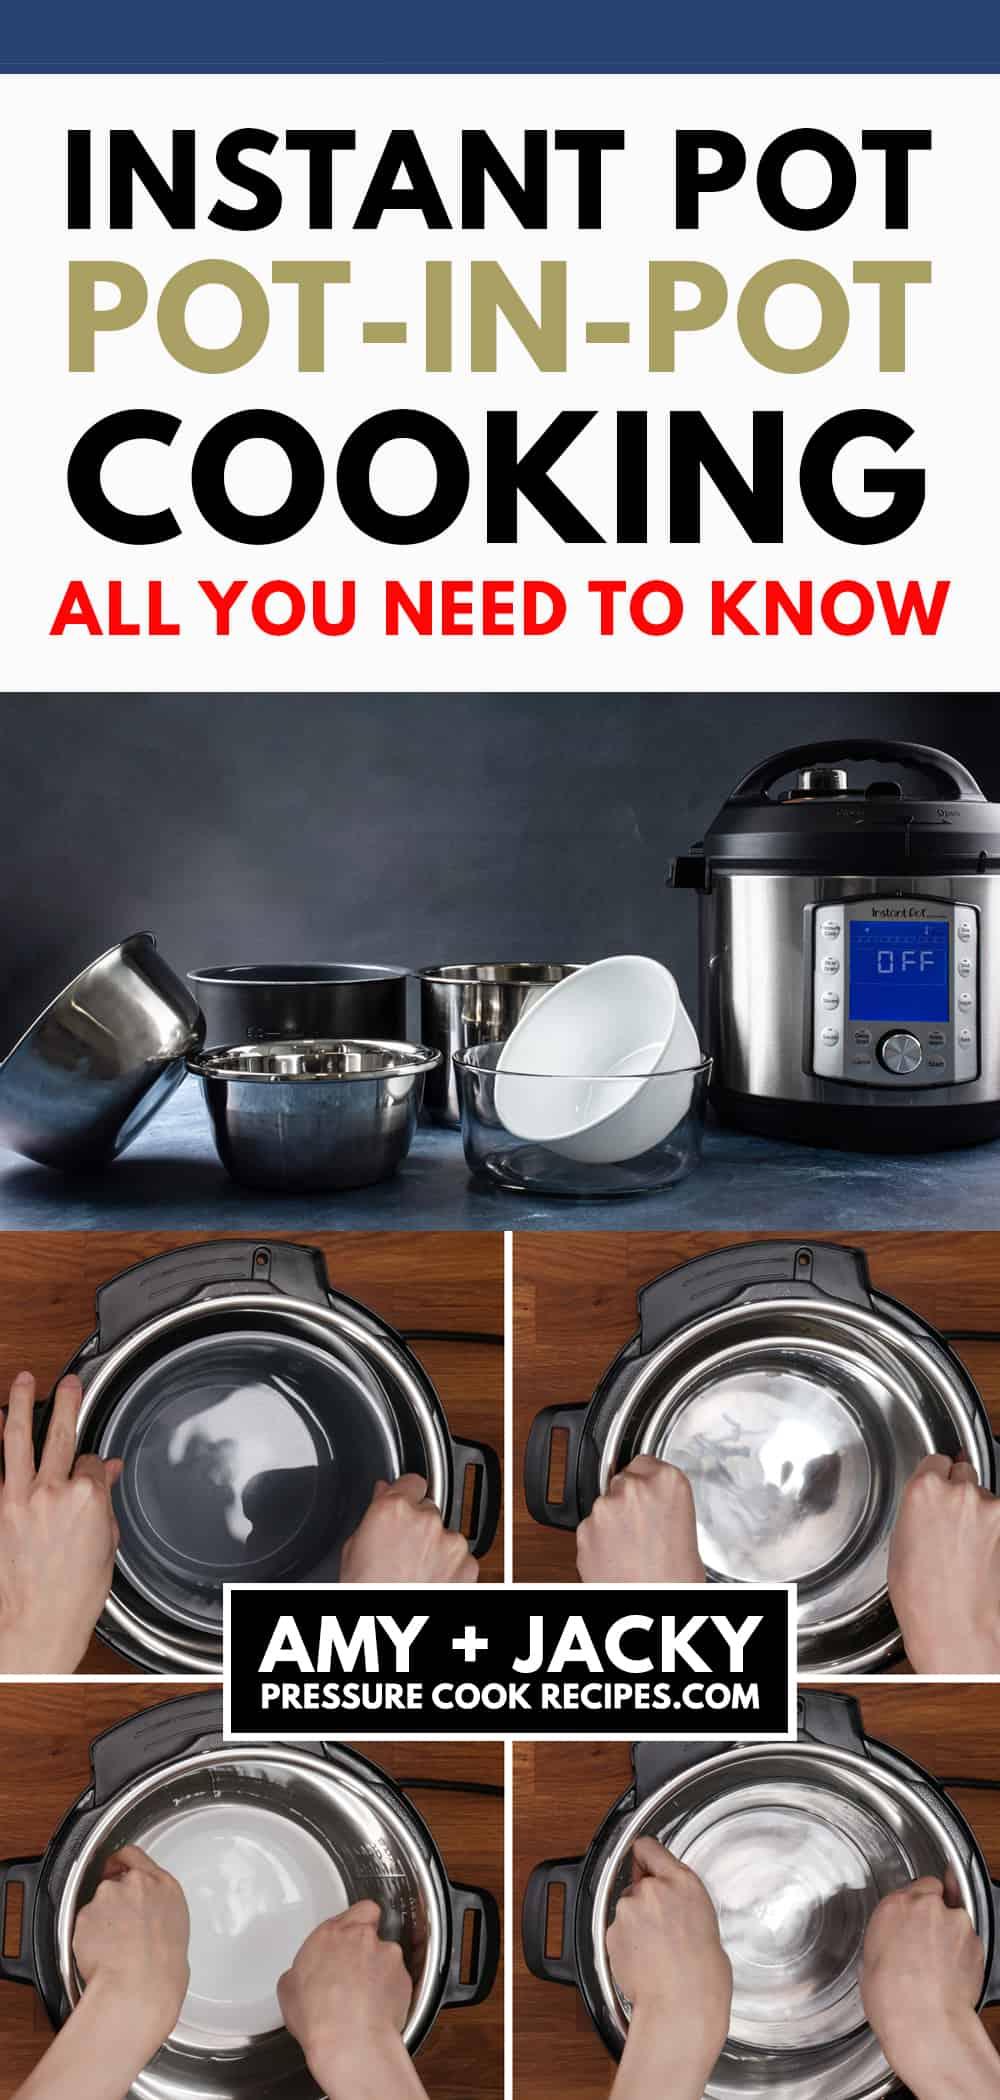 pot in pot instant pot | instant pot pot in pot | pot in pot instant pot recipes | pot in pot cooking
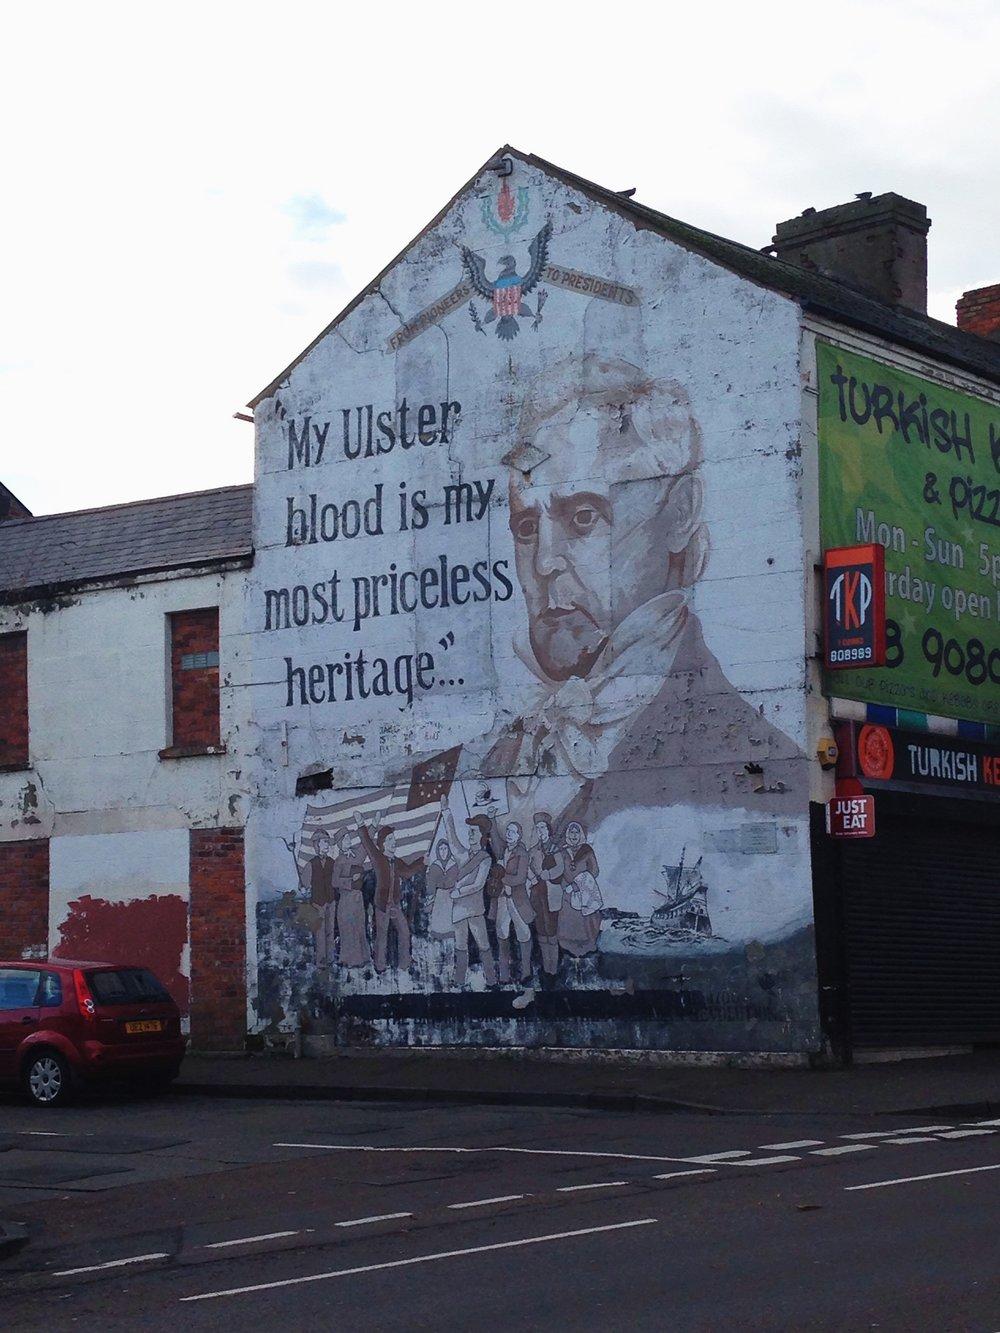 Pro-Unionist mural seen in Belfast, Ireland. © E.A. Crunden
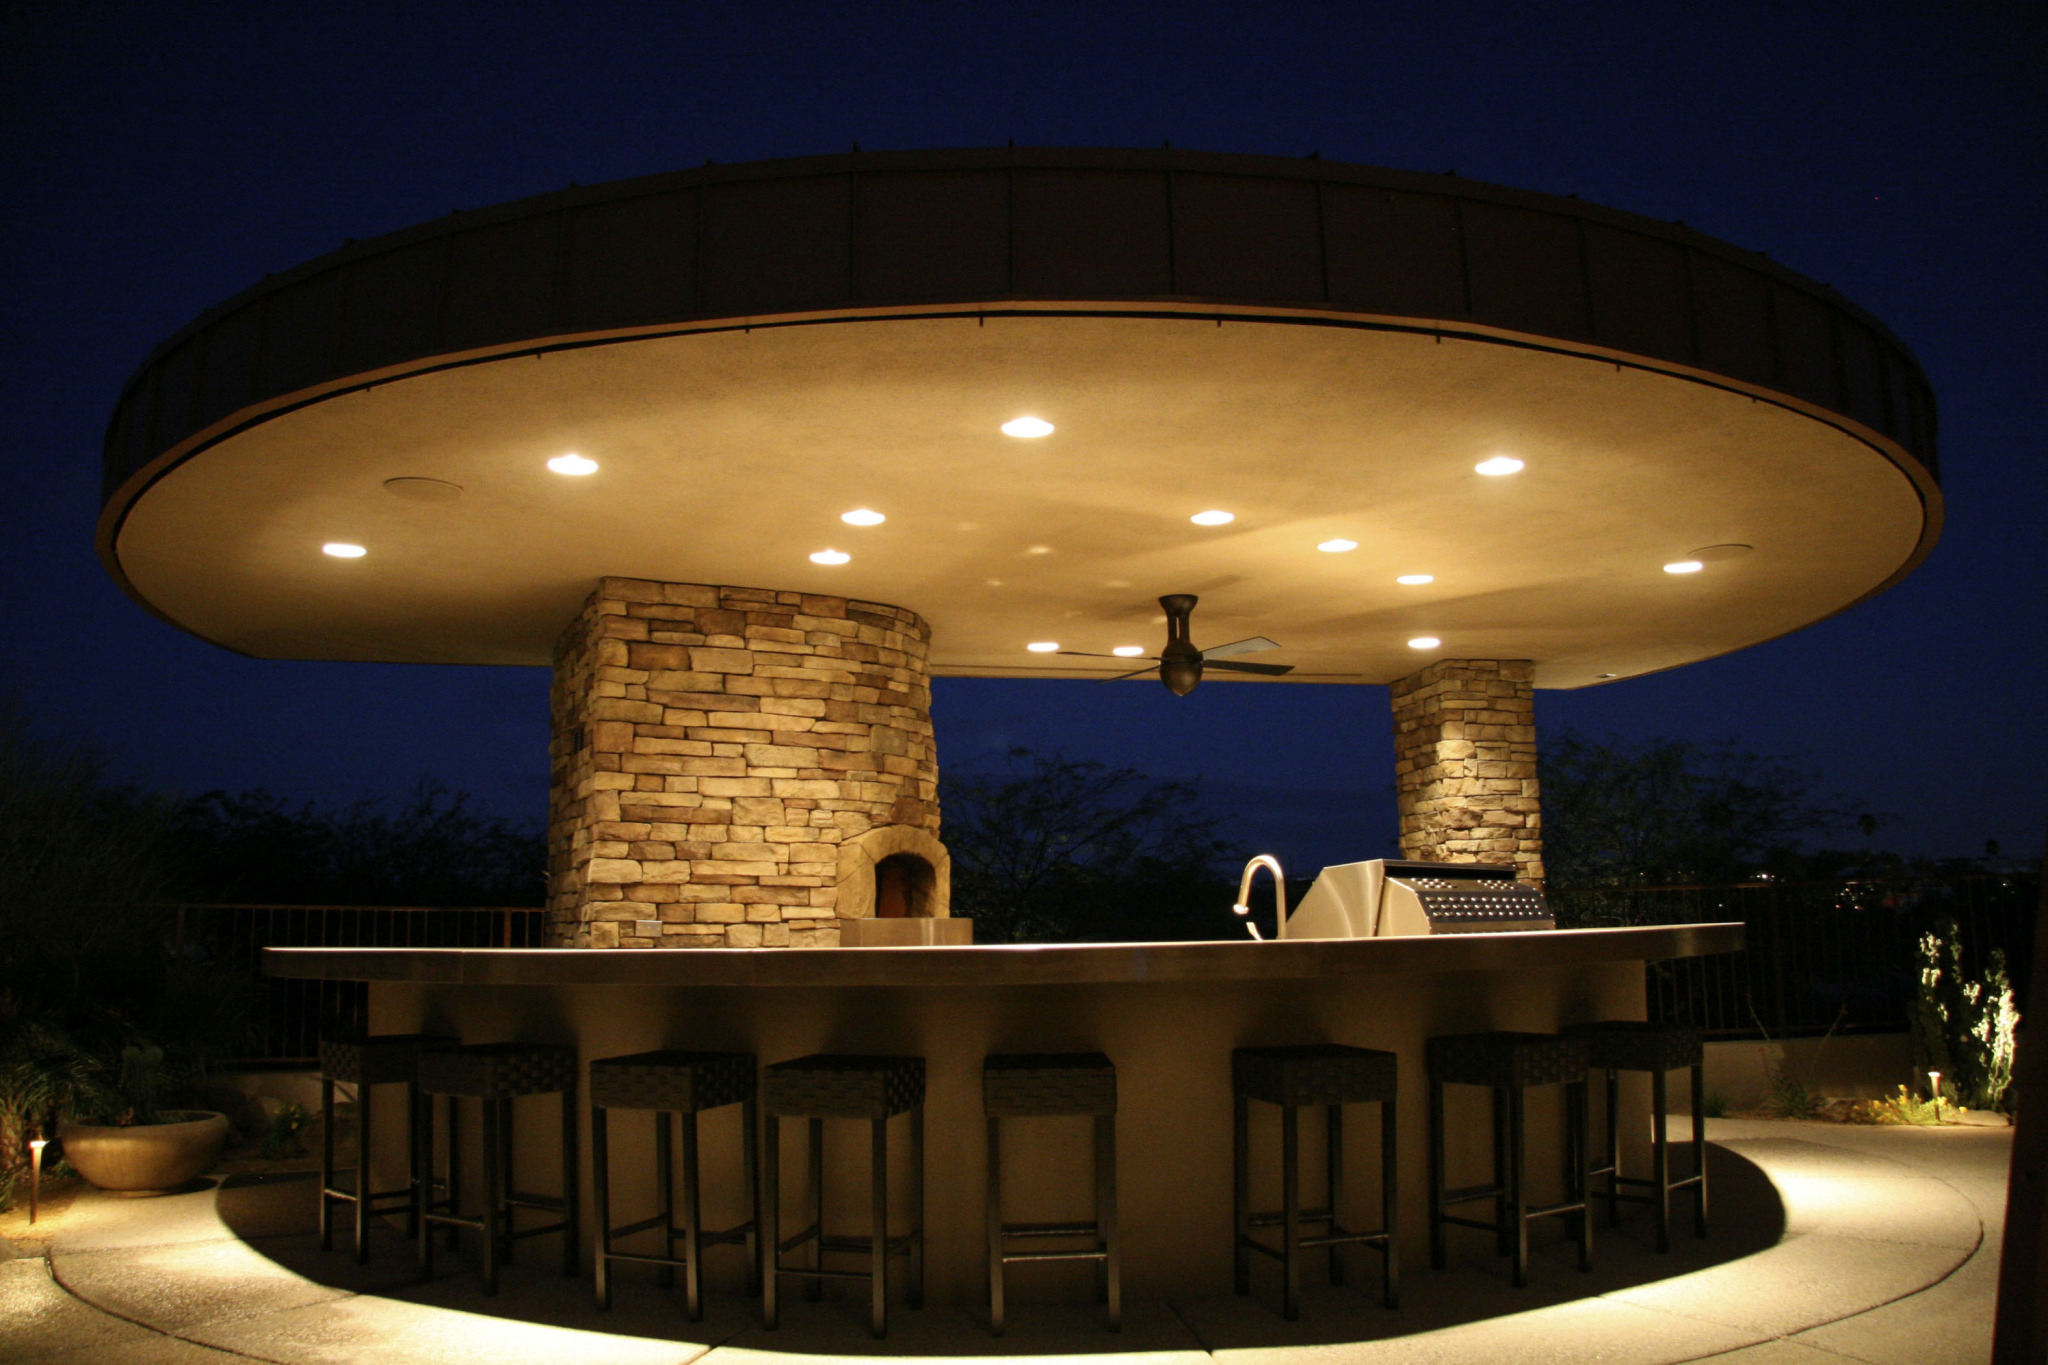 Mugnaini Medio oven in an outdoor setting at night
== == ==
## Exercise goal:
Each line from the one that holds "Pro-Unionist mural seen" through the final line of the data must be retyped exactly; the pictures must not appear.

## Response to the exercise:
 Pro-Unionist mural seen in Belfast, Ireland. © E.A. Crunden
 Mugnaini Medio oven in an outdoor setting at night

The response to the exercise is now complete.